Glosse: Tausende Einreisewillige in der Transitzone

25.3.2018, 05:58 Uhr
Hitchcock hat's vorausgeahnt: Die Vögel kommen.

© ARD Hitchcock hat's vorausgeahnt: Die Vögel kommen.

Haben Sie’s schon gehört? Am Bodensee, wahrscheinlich auf schweizer und österreichischer Seite, sitzen tausende von Zugvögeln fest. Der in Hilpoltstein beheimatete Landesbund für Vogelschutz (LBV) vermutet, dass Drosseln, Kiebitze und Lerchen erstens auf wärmeres Wetter und zweitens auf günstigeren Wind warten. Das kann noch etwas dauern.
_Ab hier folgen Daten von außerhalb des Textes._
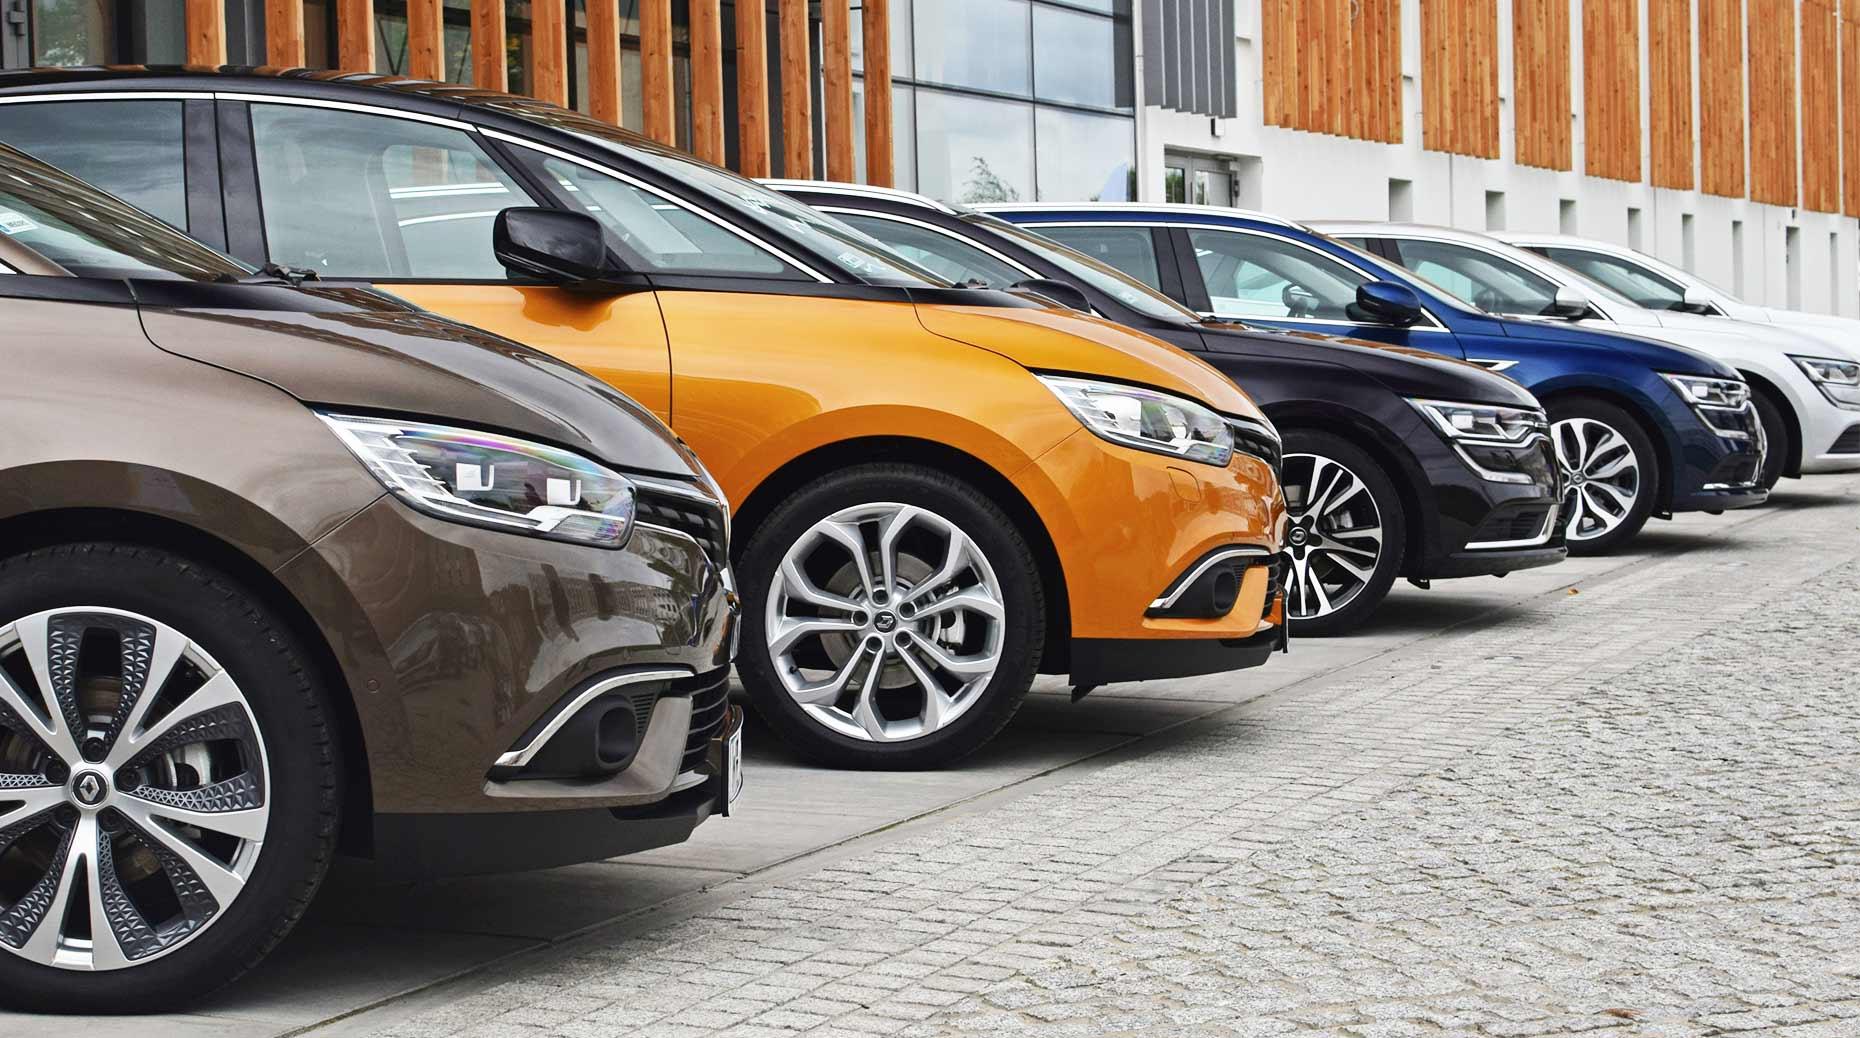 Flottes auto : Diot démarre 2020 avec l

Eine andere Theorie besagt, dass der Grenzschutz einfach wieder besser funktioniert, seitdem Horst Seehofer in Berlin das Kommando über alle inneren Angelegenheiten in der Republik übernommen hat. Und dass der Bodenseeraum eine der ersten grenznahen Transitzonen ist, für die die CSU schon so lange kämpft. Schließlich kann nicht jeder zu uns, bloß weil er das will.

Höchste Alarmbereitschaft

Dass Zugvögel bekanntlich vor allem aus Afrika einreisen wollen, macht sie noch verdächtiger als ohnehin und hat den neuen Innenminister in höchste Alarmbereitschaft versetzt. Schließlich sollen sich Szenen wie auf der Balkanroute 2015, als auf diesem Weg Zehntausende unkontrolliert ins Land gezogen sind, nicht wiederholen.
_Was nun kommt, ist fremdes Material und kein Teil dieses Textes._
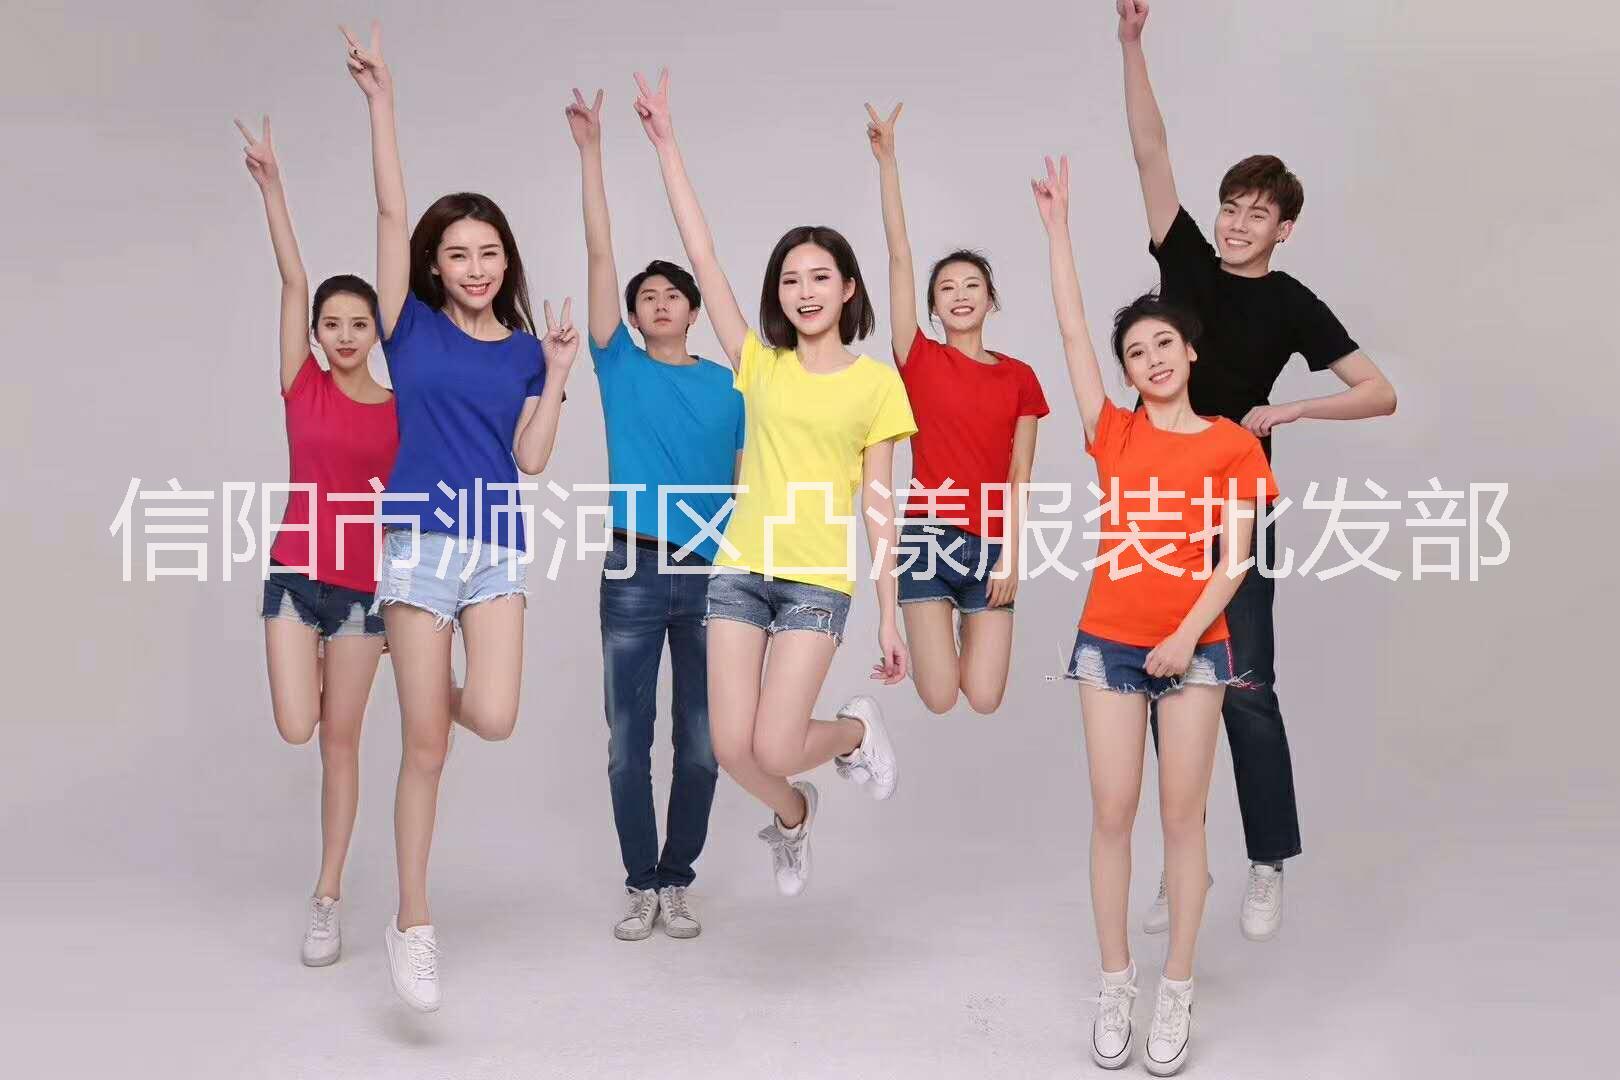 信阳班服定制t恤DIY毕业同学聚会定做纯棉圆领短袖工作服文化衫印logo

Doch welche Zugvögel sollen jetzt einreisen dürfen, welche müssen draußen bleiben? Mit ordentlichen Papieren, wie es die AfD immer fordert, können unsere gefiederten Freunde vermutlich nicht dienen. Im Zweifelsfall haben sie ihre Ausweise beim Flug über das Mittelmeer bestimmt weggeworfen.

Wer entscheidet?

Was das Zugvogel-Management zusätzlich erschwert: Hierzulande gibt es bislang weder ein richtiges Einwanderungsgesetz noch eine ordentliche Aufstellung darüber, welche Vögel man brauchen könnte, welche man aus ornithologischen Gründen dulden müsste, welche man später abschieben und welche man gleich an der Grenze abweisen sollte.

Und dann: Wer sollte über die Einreise eigentlich entscheiden? Aus Sicht der Politik stehen Vogelasylhelferkreise, zum Beispiel der LBV, seit jeher in Verdacht, viel zu unkritisch und zu großzügig zu sein. Auf der anderen Seite mangelt es den Mitarbeitern des Nürnberger Bundesamts für Migration und Flüchtlinge, die in den vergangenen zwei Jahren fleißig richtige Asylanträge abgearbeitet haben, am nötigen Fachwissen. Sie müssten also erst noch umgeschult werden. Das wiederum kostet Zeit.

Minus 30 Grad

Zeit, die die Zugvögel am Bodensee nicht mehr haben. Außer, uns ereilt noch ein Winter wie anno 1708/1709, als in Europa von Skandinavien bis Italien, von Polen bis Portugal ganze Familien in ihren Häusern erfroren, als der Bodensee zufror und es in Berlin minus 30 Grad kalt war, als man noch im April zu Fuß vom italienischen Festland aus nach Venedig über das zugefrorene Mittelmeer spazieren konnte, als man das hartgefrorene Brot mit der Hacke teilen musste und als es noch nicht einmal mehr am Hofe des Sonnenkönigs Ludwig XIV. richtig warm wurde.

In diesem kältesten Winter der letzten 500 Jahre plumpsten die Vögel, auch die Zugvögel, wie Steine tot zu Boden. Vermutlich, noch ehe sie an der deutschen Grenze "Asyl" zwitschern konnten.